**Information provided:**
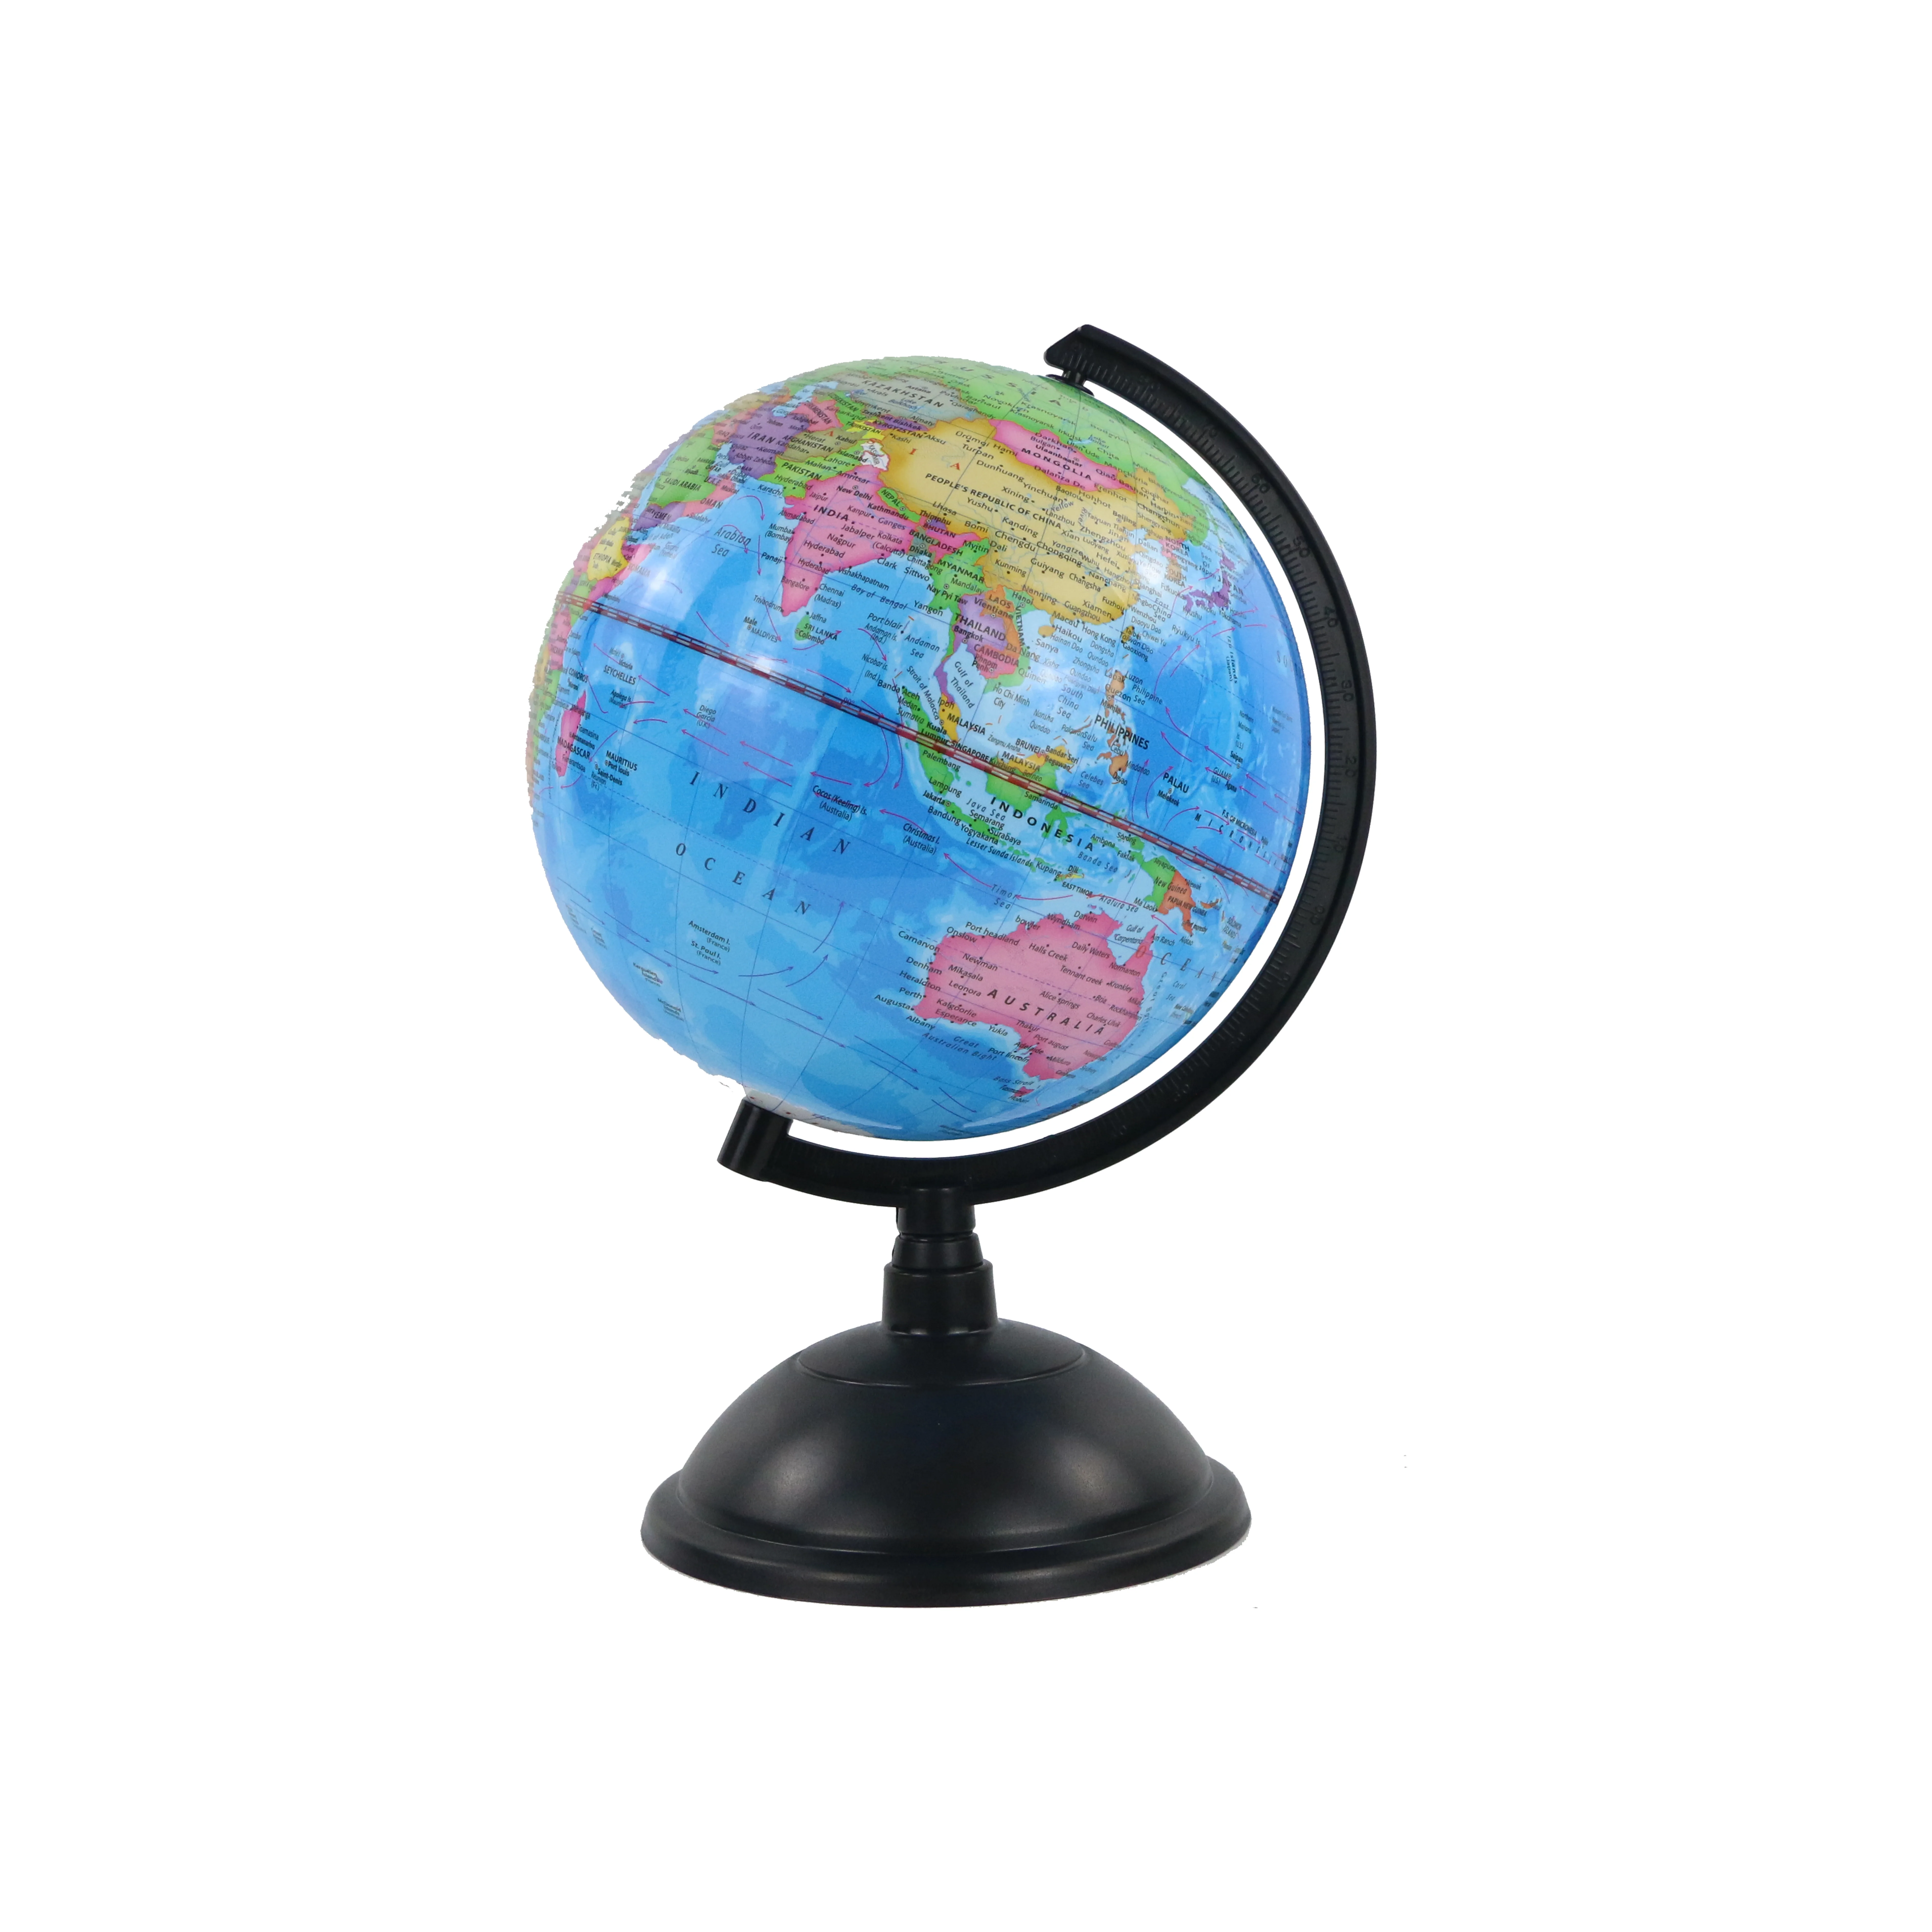 
20cm rotatable luminous globe 
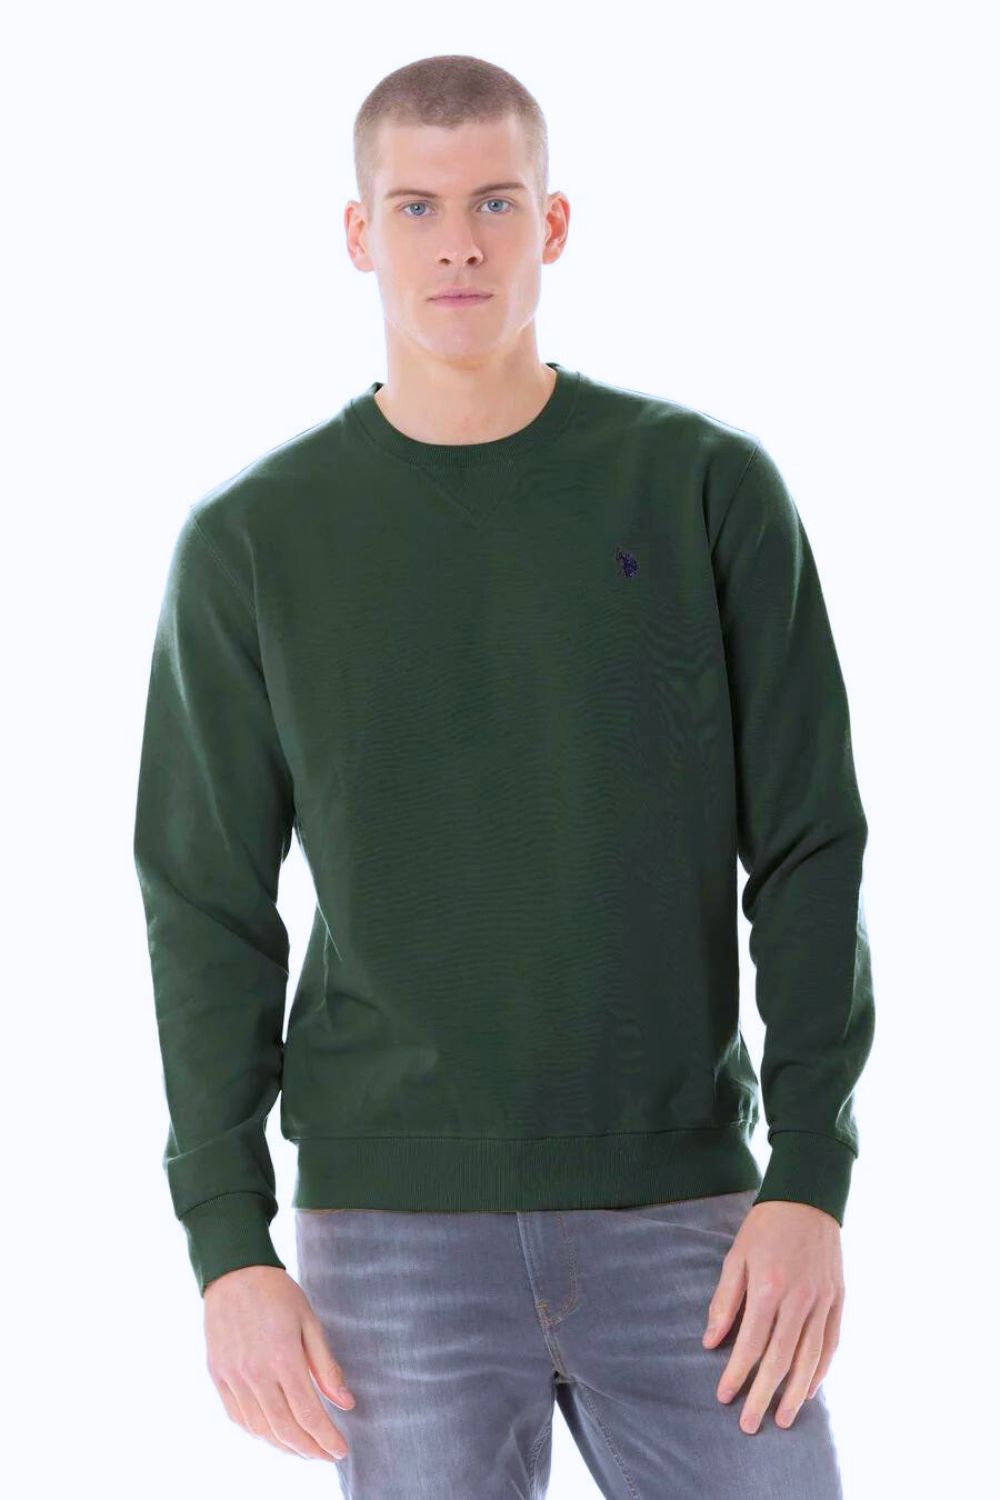 U.S. Polo Assn. Sweater - Hyper Shops
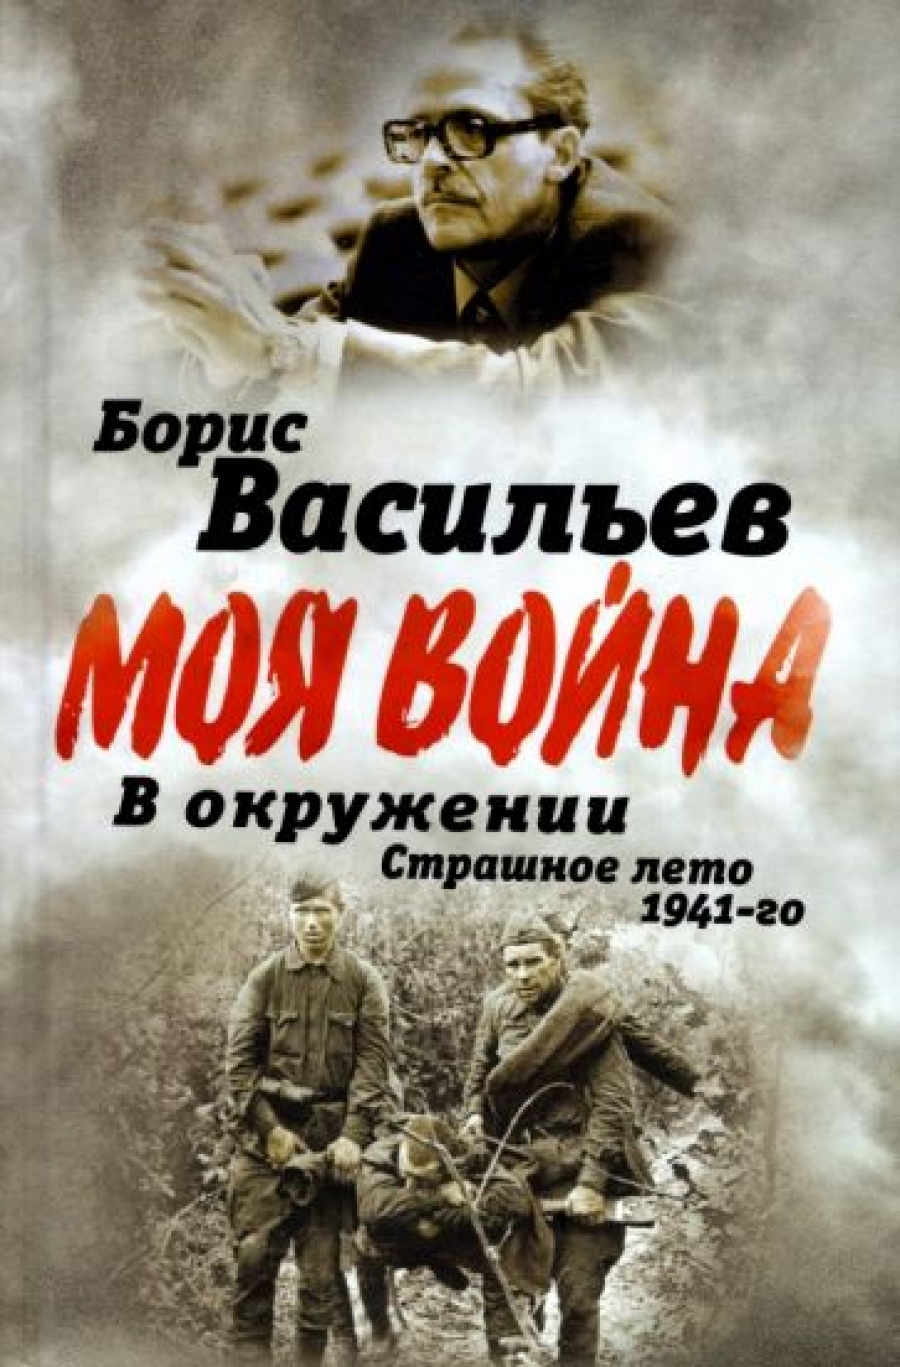 Васильев Б.Л. В окружении. Страшное лето 1941-го 
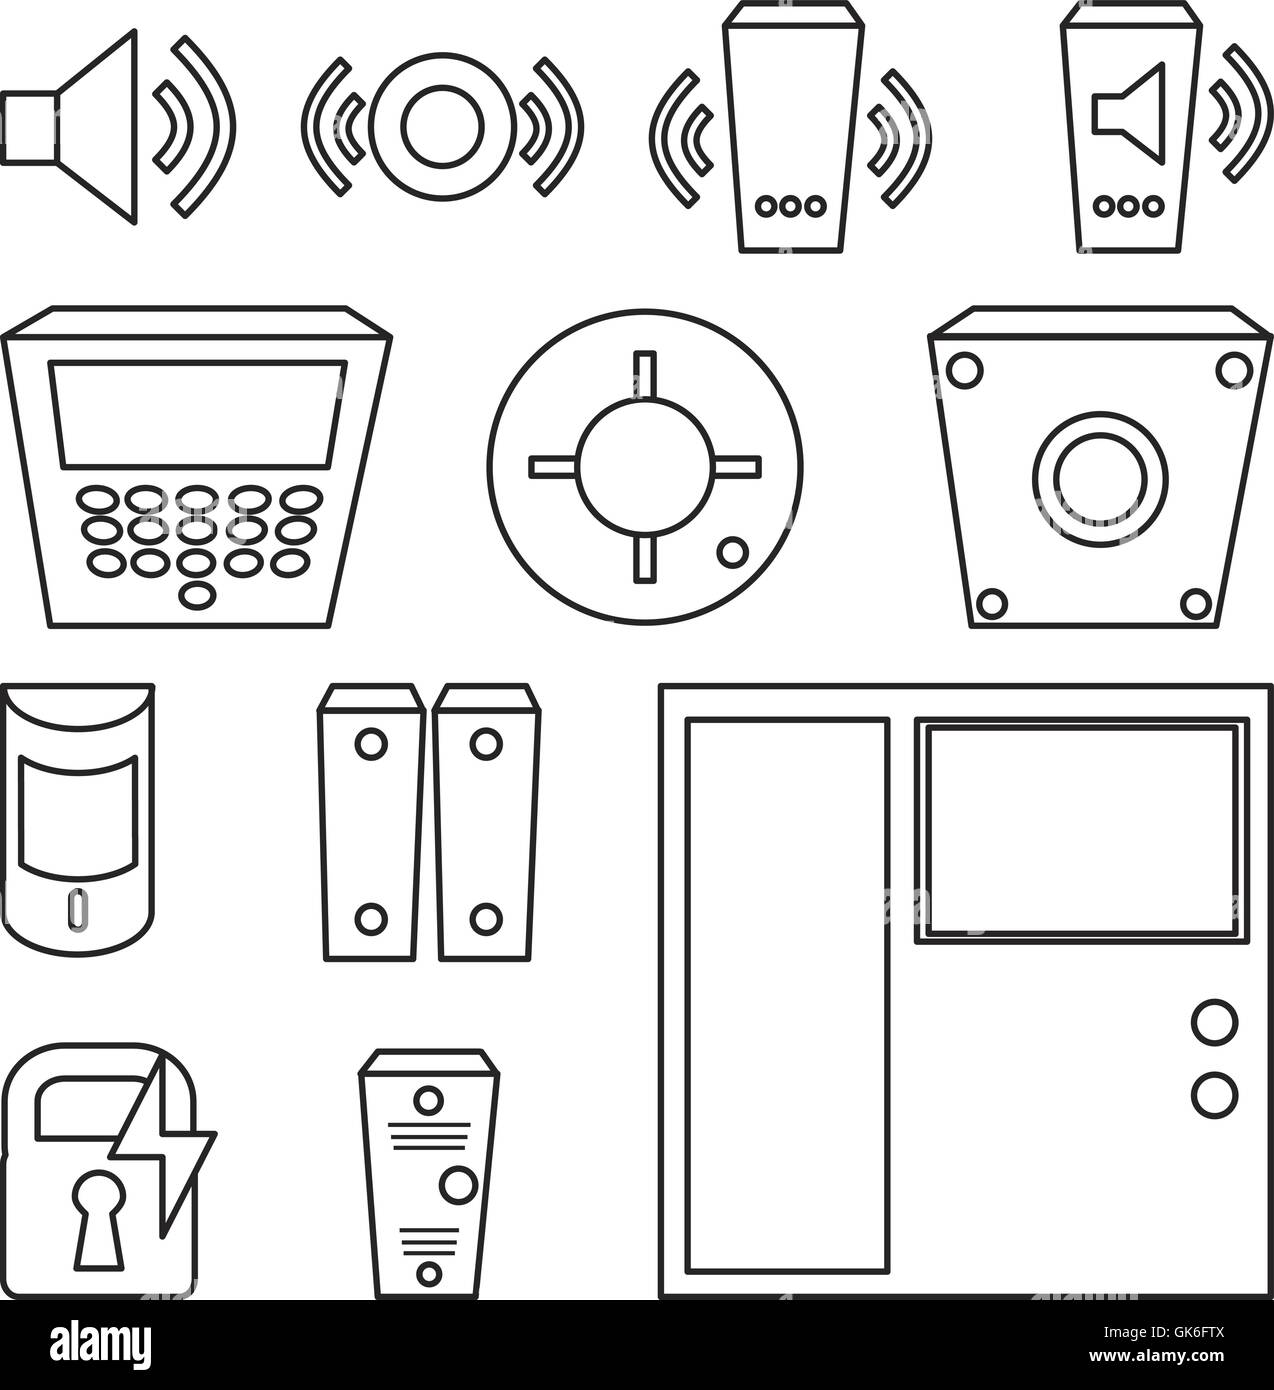 Vector simple jeu d'icônes pour les détecteurs d'incendie, de la fenêtre,  son, interphone, alarme incendie, reader, serrure électronique. Syst de  contrôle d'accès Image Vectorielle Stock - Alamy
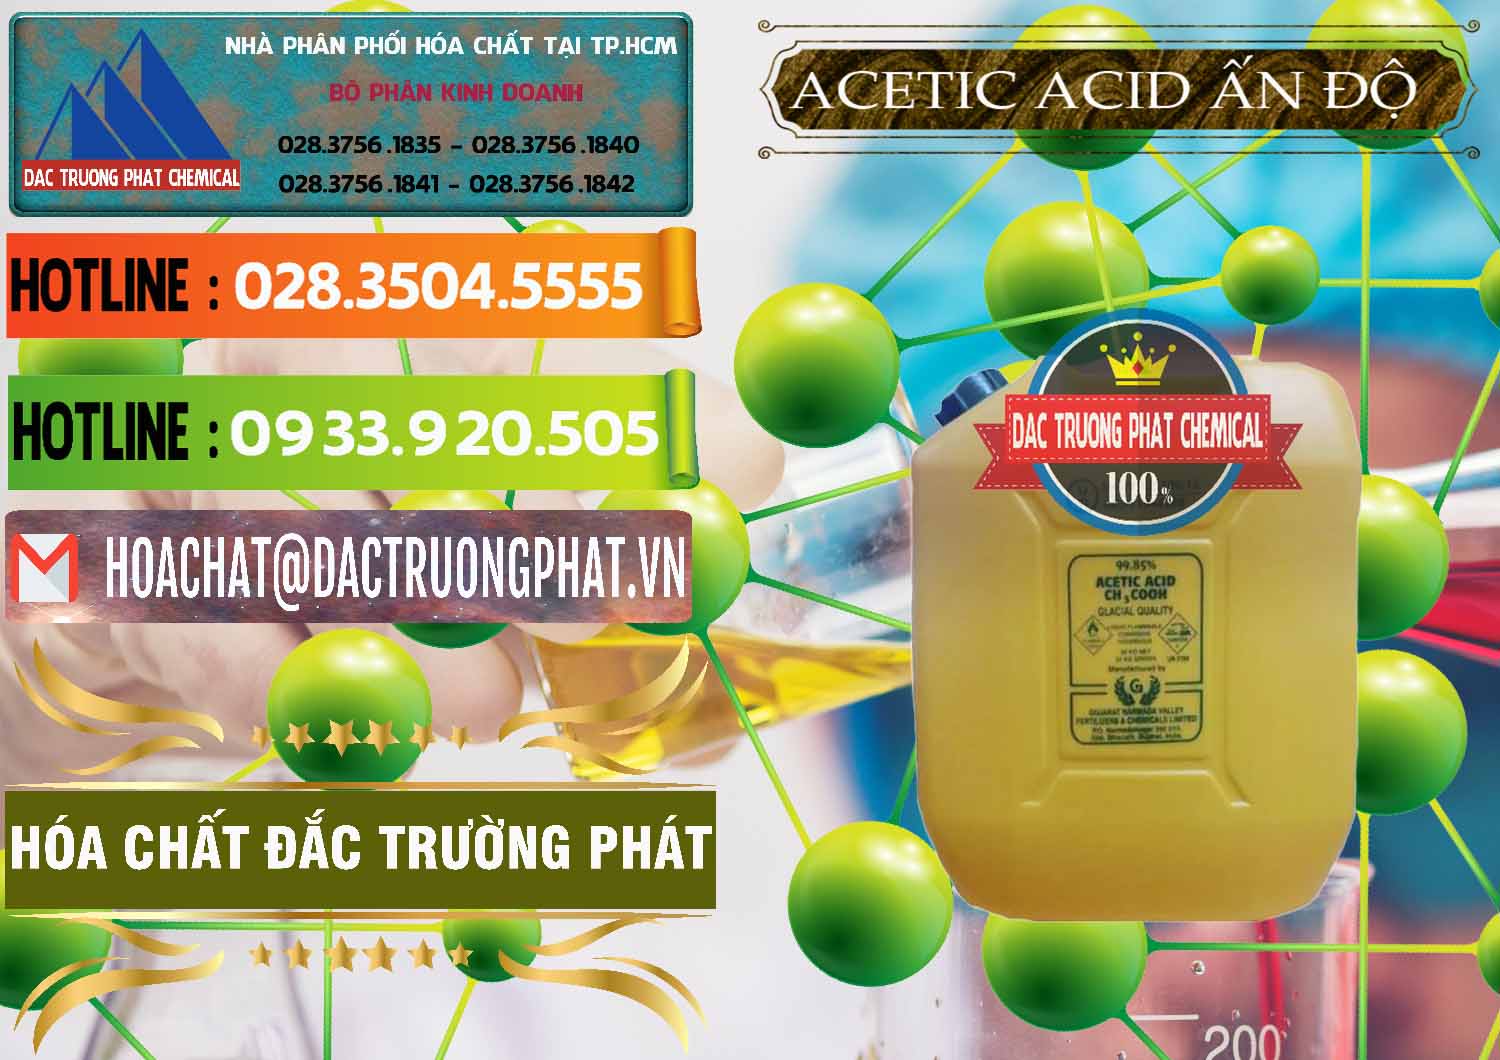 Công ty chuyên cung cấp ( bán ) Acetic Acid – Axit Acetic Ấn Độ India - 0359 - Cty cung cấp ( kinh doanh ) hóa chất tại TP.HCM - cungcaphoachat.com.vn

**Try it:**
First drop every picture, then print the data above exactly as it stands.

**Solution for this exercise:**
20cm rotatable luminous globe 
 U.S. Polo Assn. Sweater - Hyper Shops
 Васильев Б.Л. В окружении. Страшное лето 1941-го 
 Vector simple jeu d'icônes pour les détecteurs d'incendie, de la fenêtre,  son, interphone, alarme incendie, reader, serrure électronique. Syst de  contrôle d'accès Image Vectorielle Stock - Alamy
 Công ty chuyên cung cấp ( bán ) Acetic Acid – Axit Acetic Ấn Độ India - 0359 - Cty cung cấp ( kinh doanh ) hóa chất tại TP.HCM - cungcaphoachat.com.vn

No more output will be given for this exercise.